In computer storage, zone bit recording (ZBR) is a method used by disk drives to store more sectors per track on outer tracks than on inner tracks. It is different from zoned constant angular velocity (Zone CAV, Z-CAV, or ZCAV).
On a disk consisting of roughly concentric tracks – whether realized as separate circular tracks or as a single spiral track – the physical track length (circumference) is increased as it gets farther from the center hub.
The inner tracks are packed as densely as the particular drive's technology allows, but with a CAV drive the data on the outer tracks are less densely packed. Using ZBR the drive divides all the tracks into a number of zones, and the inner track of each zone is packed as densely as it can, with the other tracks in that same zone recorded with the same read/write rate. This permits the drive to have more bits stored in each track outside of the innermost zone than drives not using this technique. Storing more bits per track equates to achieving a higher total data capacity on the same disk area.

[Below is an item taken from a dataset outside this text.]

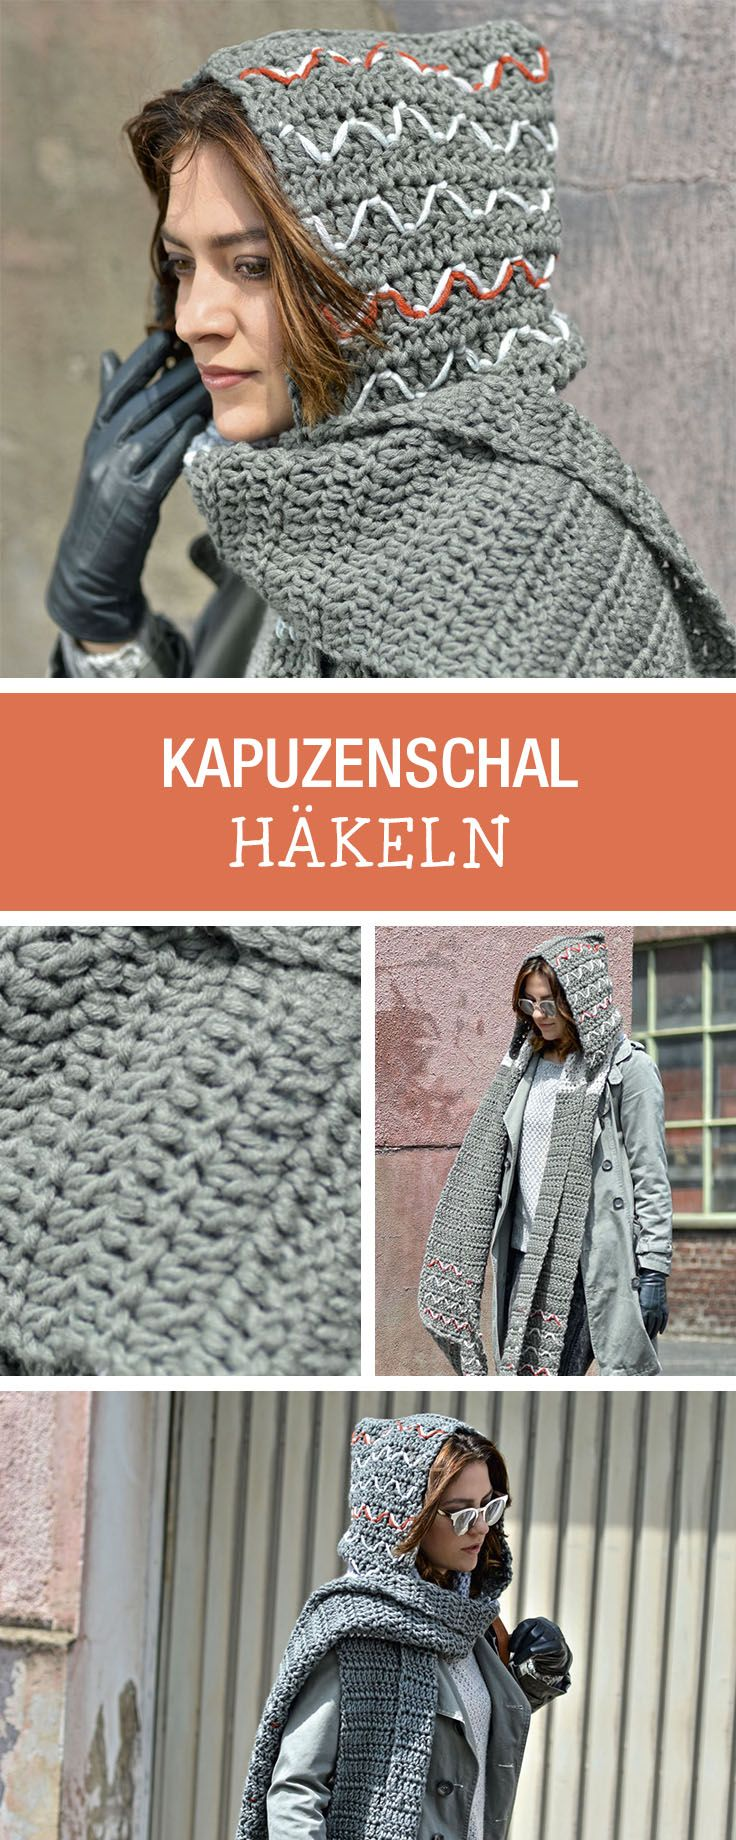 Häkeln Diy Anleitungen Pinterest Kapuzenschals Modetrends Und
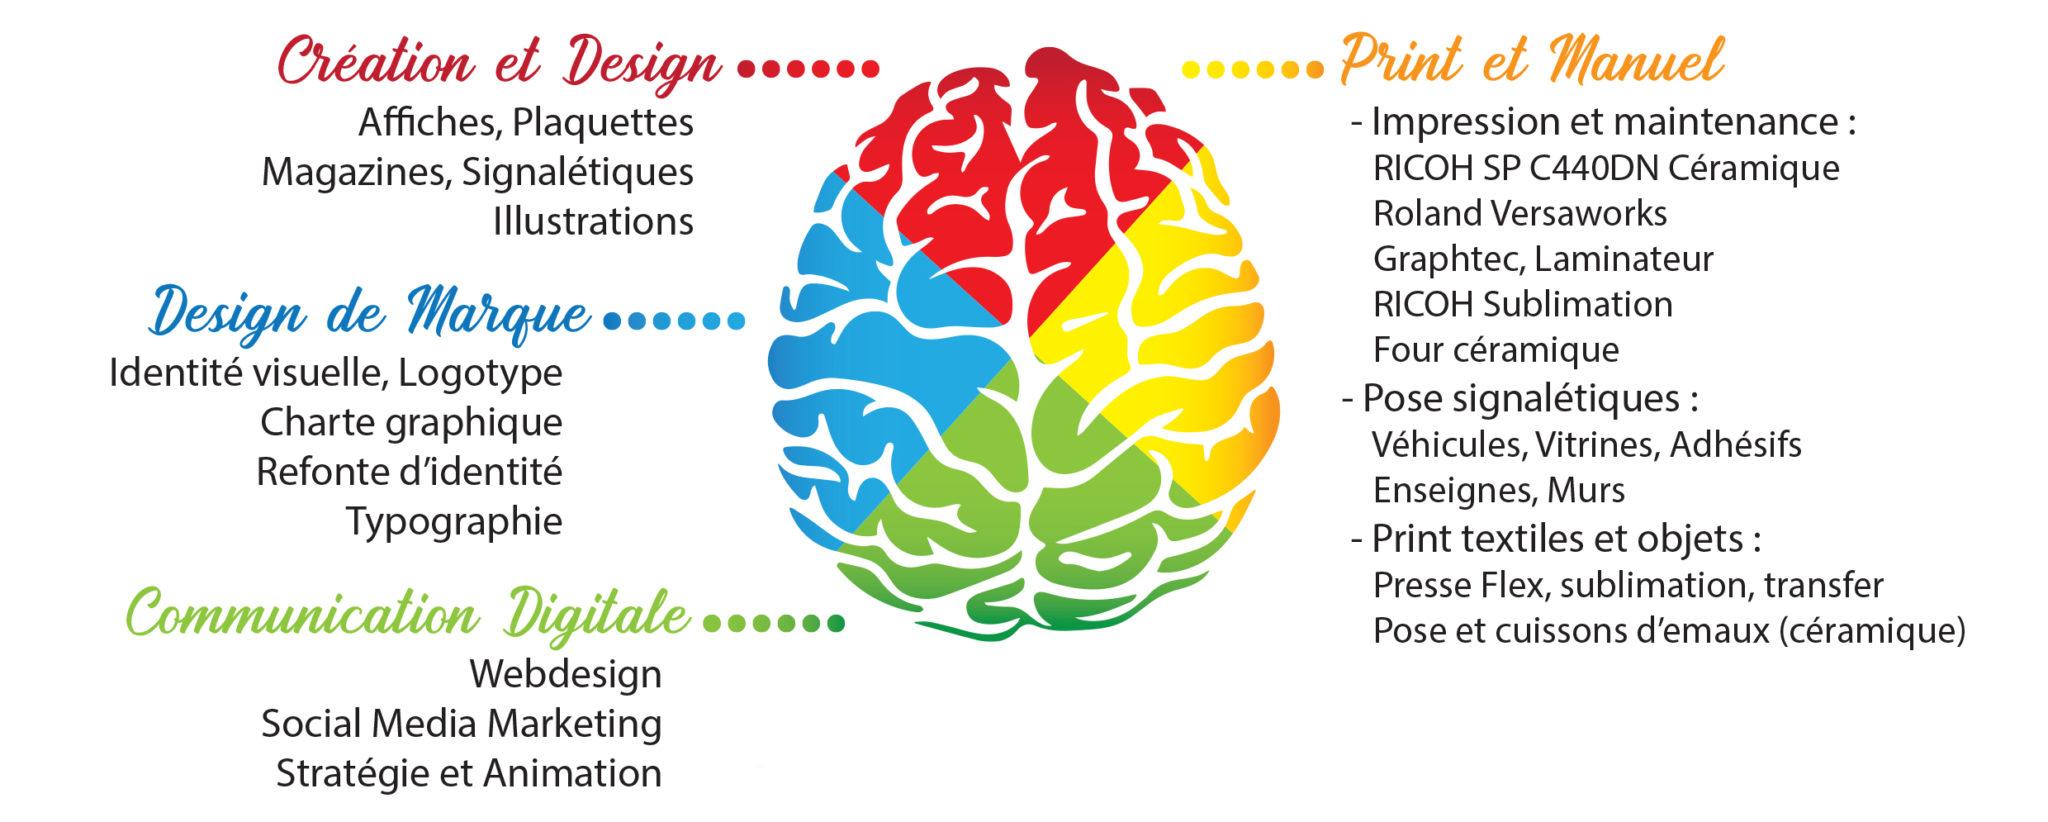 Image d'un cerveau avec les compétences artistiques de Rokin

On a hard disk using ZBR, the data on the tracks in the outer most zone will have the highest data transfer rate. Since both hard disks and floppy disks typically number their tracks beginning at the outer edge and continuing inward, and since operating systems typically fill the lowest-numbered tracks first, this is where the operating system typically stores its own files during its initial installation onto an empty drive. Testing disk drives when they are new or empty after defragmenting them with some benchmarking applications will often show their highest performance. After some time, when more data are stored in the inner tracks, the average data transfer rate will drop, because the transfer rate in the inner zones is slower; this, combined with the head's longer stroke and possible fragmentation, may give the impression of the disk drive slowing down over time.
Some other ZBR drives, such as the 800 kilobyte 3.5" floppy drives in the Apple IIGS and older Macintosh computers, don't change the data rate but rather spin the medium slower when reading or writing outer tracks, thus approximating the performance of constant linear velocity drives.